In my recent book, Takeover: Hitler’s Final Rise to Power, I chronicled the fraught relationship between the tyrant and the titan, but my story ended in January 1933, so I did not detail the subsequent impact on Hugenberg’s fortunes, let alone the catastrophic consequences that lay ahead for other corporate leaders, their companies, and their country.
In the ’20s and early ’30s, the Hitler “brand” was anathema to capitalists and corporate elites. His National Socialist German Worker’s Party was belligerently nationalistisch but also unapologetically sozialistisch—a true Arbeiter Partei, or “working man’s party.” Its 25-point political platform explicitly targeted bankers and financiers, calling for “breaking the bondage of interest,” as well as industrialists who profited from wartime production. Profits were to be confiscated by the state without compensation, and corporate executives charged with treason. Platform Point 13 was explicit: “We demand the nationalization of all existing corporate entities.”

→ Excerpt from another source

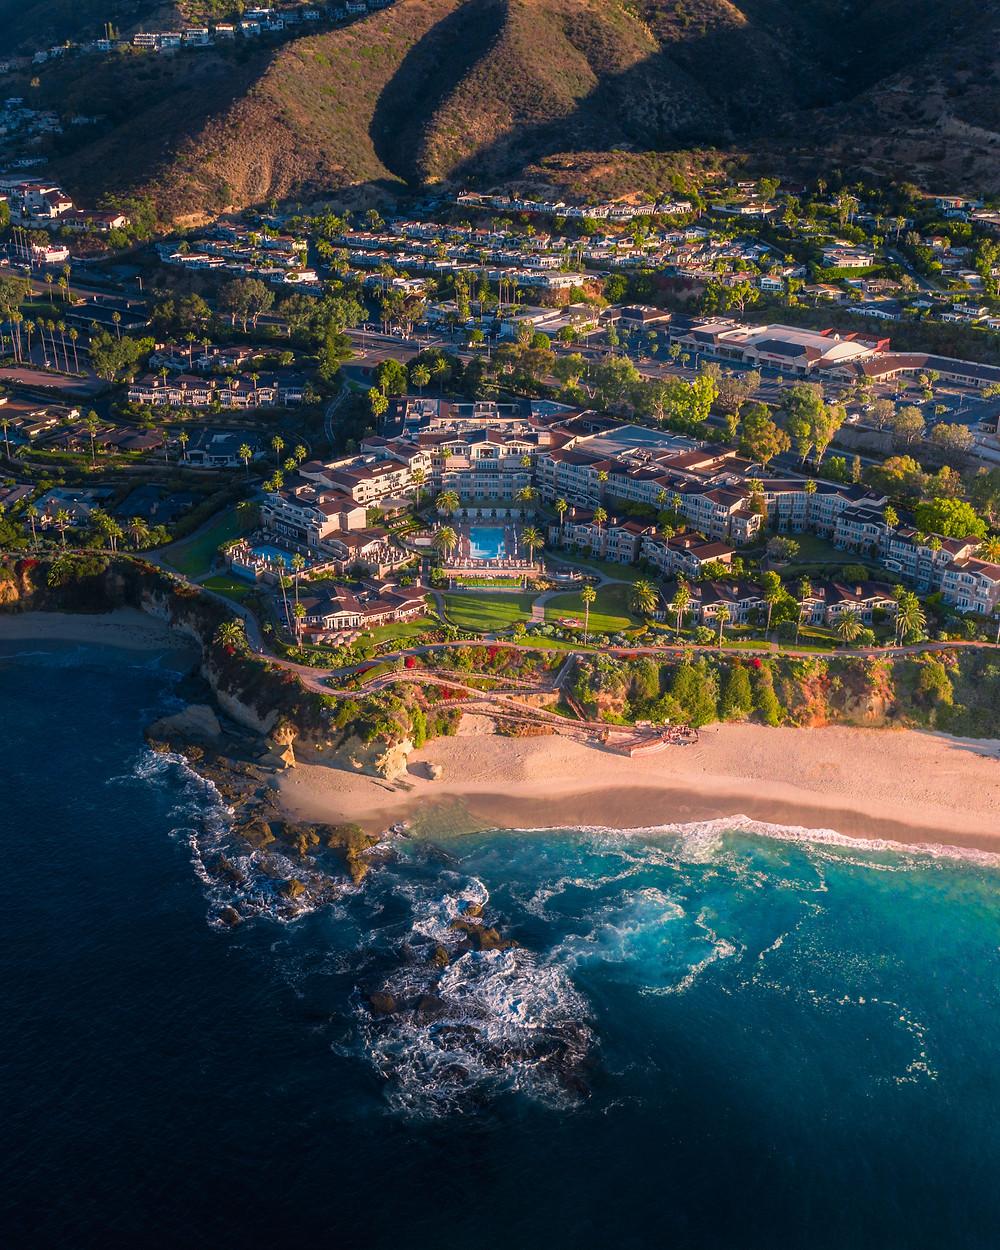 Montage Laguna Beach resort sitting over a beautiful cliff overlooking blue ocean waters
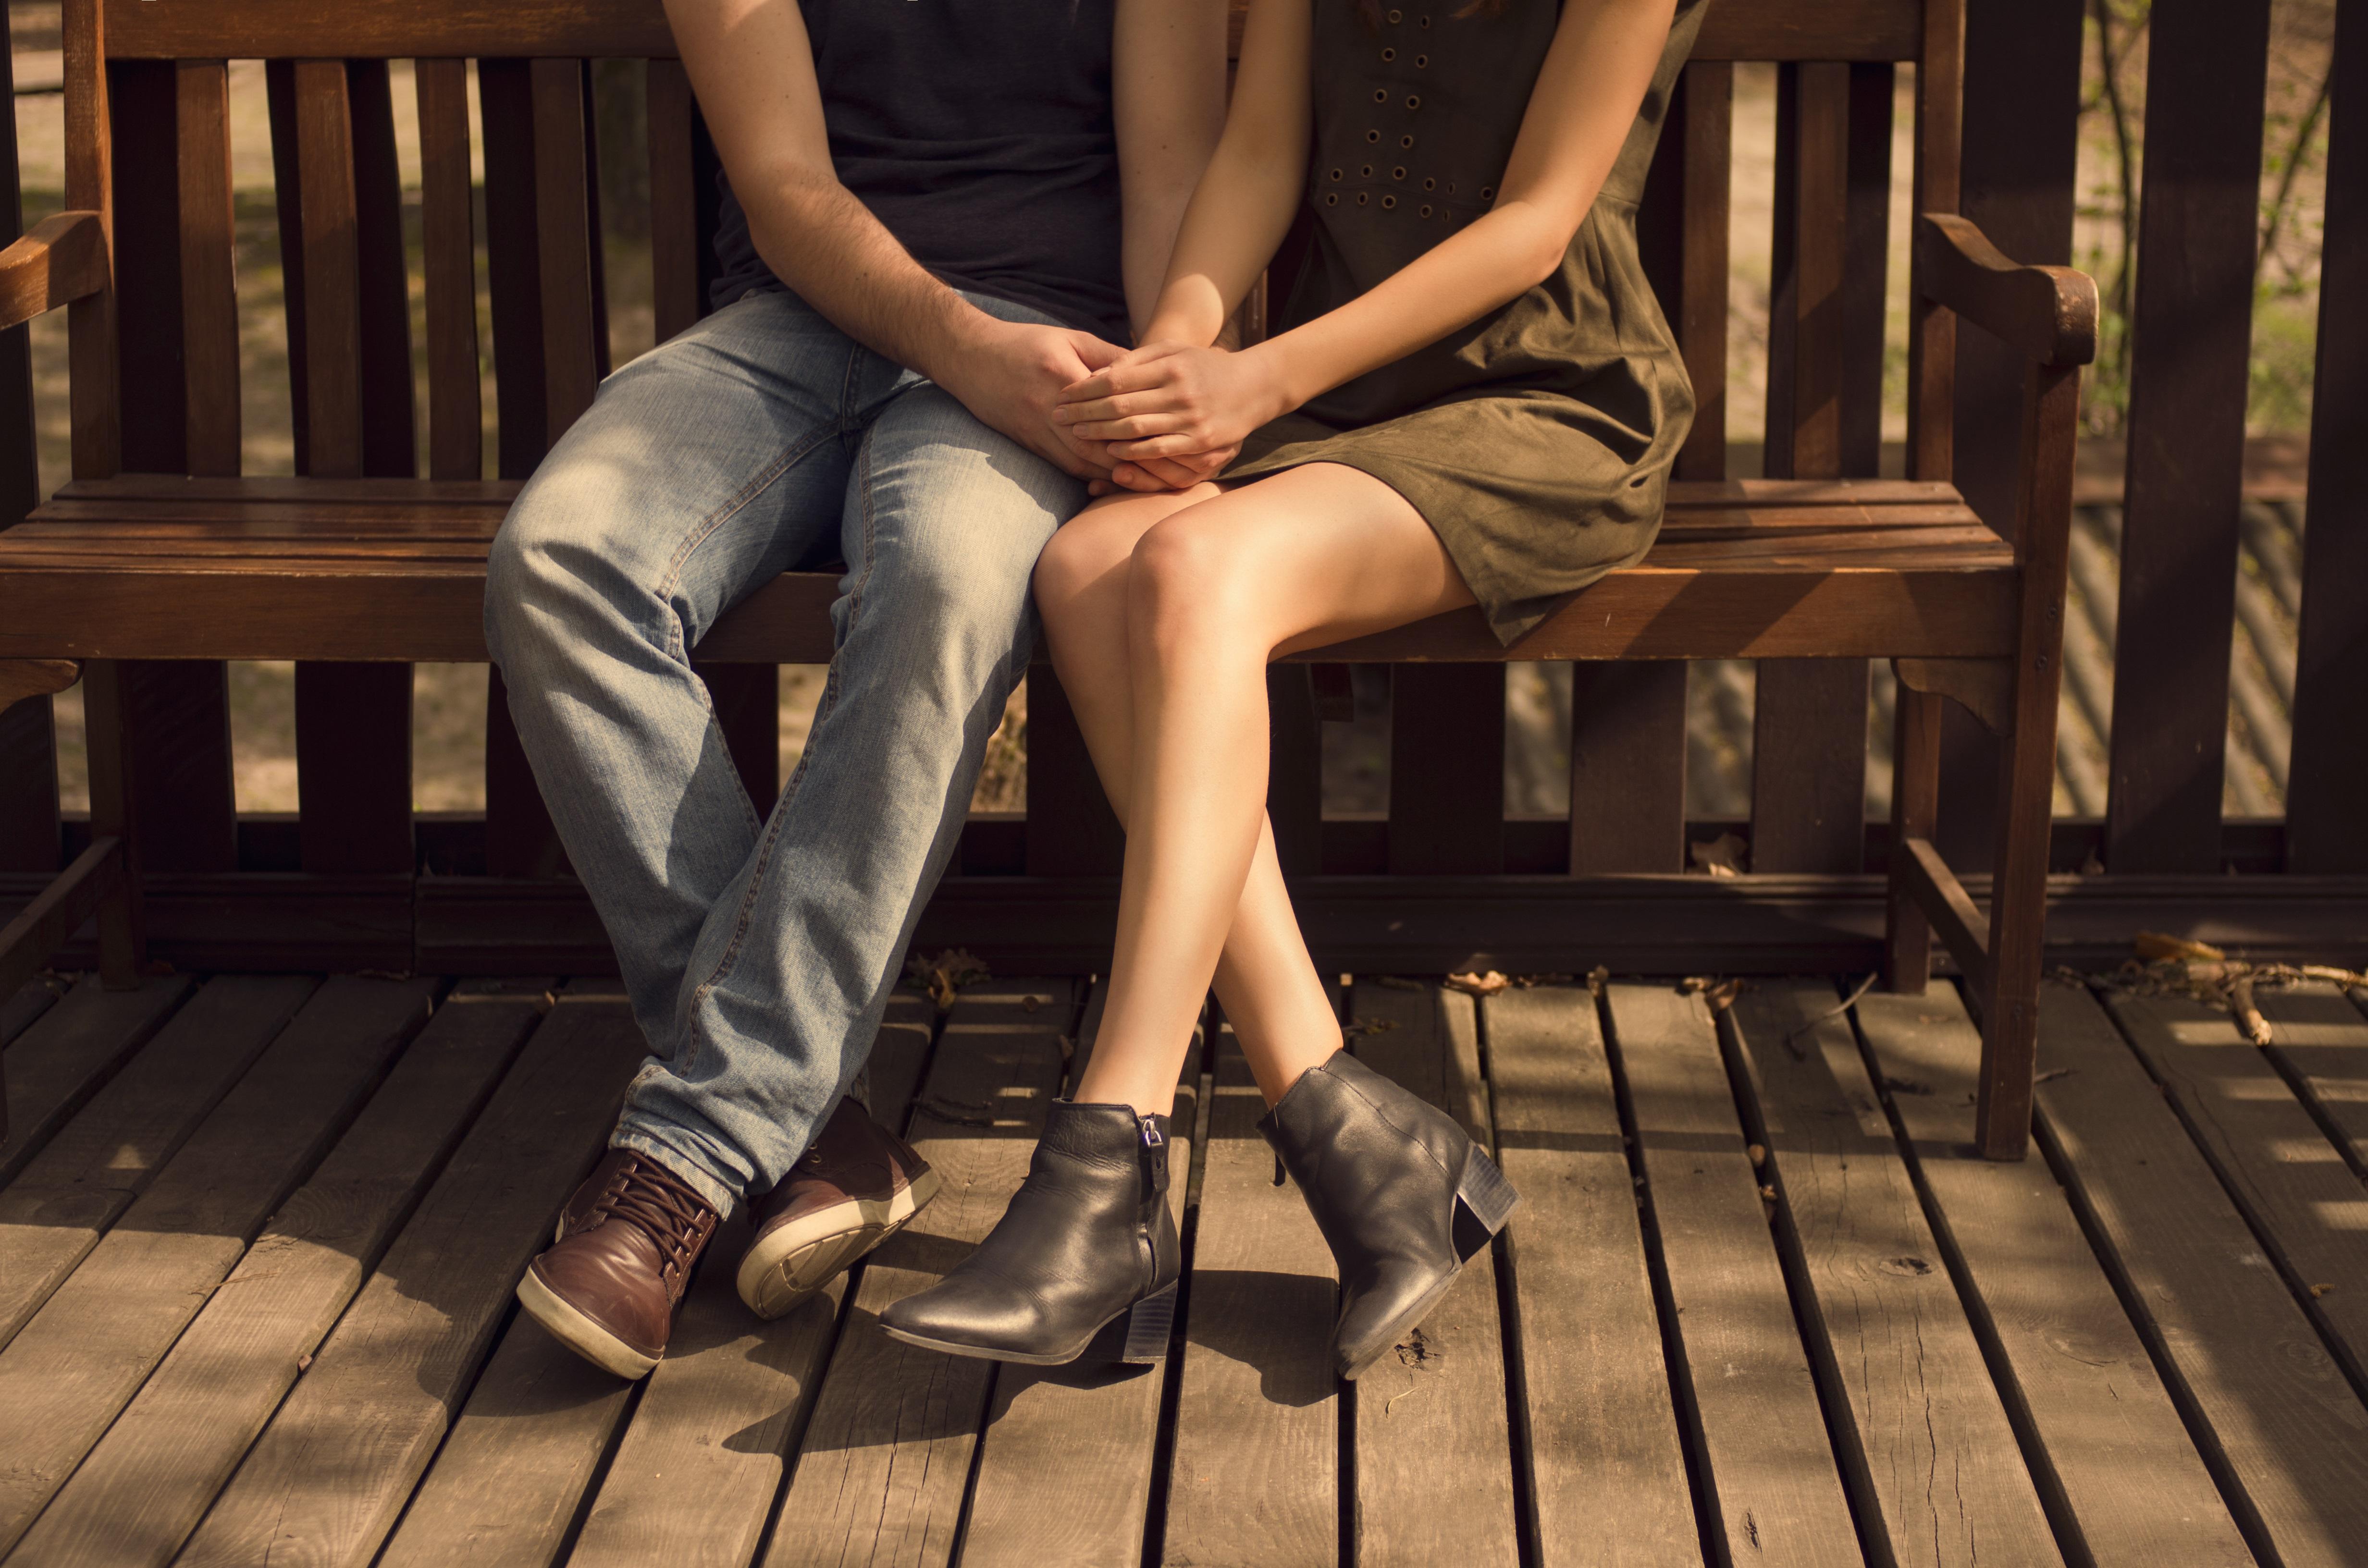 problemas de pareja uruguay

Through the 1920s, businessmen preferred to place their political bets with conservative, centrist, business-friendly politicians, such as those in the Center Party or the Bavarian People’s Party or the right-wing but decidedly pro-business German Nationalists. Out of necessity, then, the National Socialists had to derive most of its financing via storm troopers standing on street corners begging for contributions and from admission fees to Hitler rallies. Among the exceptions to this were socialites—Viktoria von Dirksen, Helene Bechstein, Elsa Bruckmann—who were smitten with Hitler. But the most significant exception was Fritz Thyssen.
Thyssen, heir to one of Germany’s leading industrial fortunes, had been an early financier of the Nazi movement. He first met Hitler in the autumn of 1923 after attending a beer-hall rally. “It was then that I realised his oratorical gifts and his ability to lead the masses,” Thyssen recalled in his 1941 memoir, I Paid Hitler. “What impressed me most, however, was the order that reigned in his meetings, the almost military discipline of his followers.” Thyssen provided the party, by his own estimate, approximately 1 million reichsmarks—more than $5 million today—and also helped finance the acquisition and refurbishment of a Munich palace as the Nazi Party headquarters. Most important, Thyssen arranged for Hitler to speak to his fellow industrialists in Düsseldorf on January 27, 1932.
Hitler sits next to Hermann Göring at the Düsseldorf Industrieclub, while Fritz Thyssen, a wealthy industrialist who was one of Hitler’s early financial backers, speaks at the microphone, January 27, 1932. (Ullstein bild / Getty)[Read: How Hitler dismantled a democracy in 53 days]
“The speech made a deep impression on the assembled industrialists,” Thyssen said, “and in consequence of this a number of large contributions flowed from the resources of heavy industry into the treasuries of the National Socialist party.” This financing, estimated at a still-cautious 2 million marks annually, was channeled through a trusted intermediary: Alfred Hugenberg.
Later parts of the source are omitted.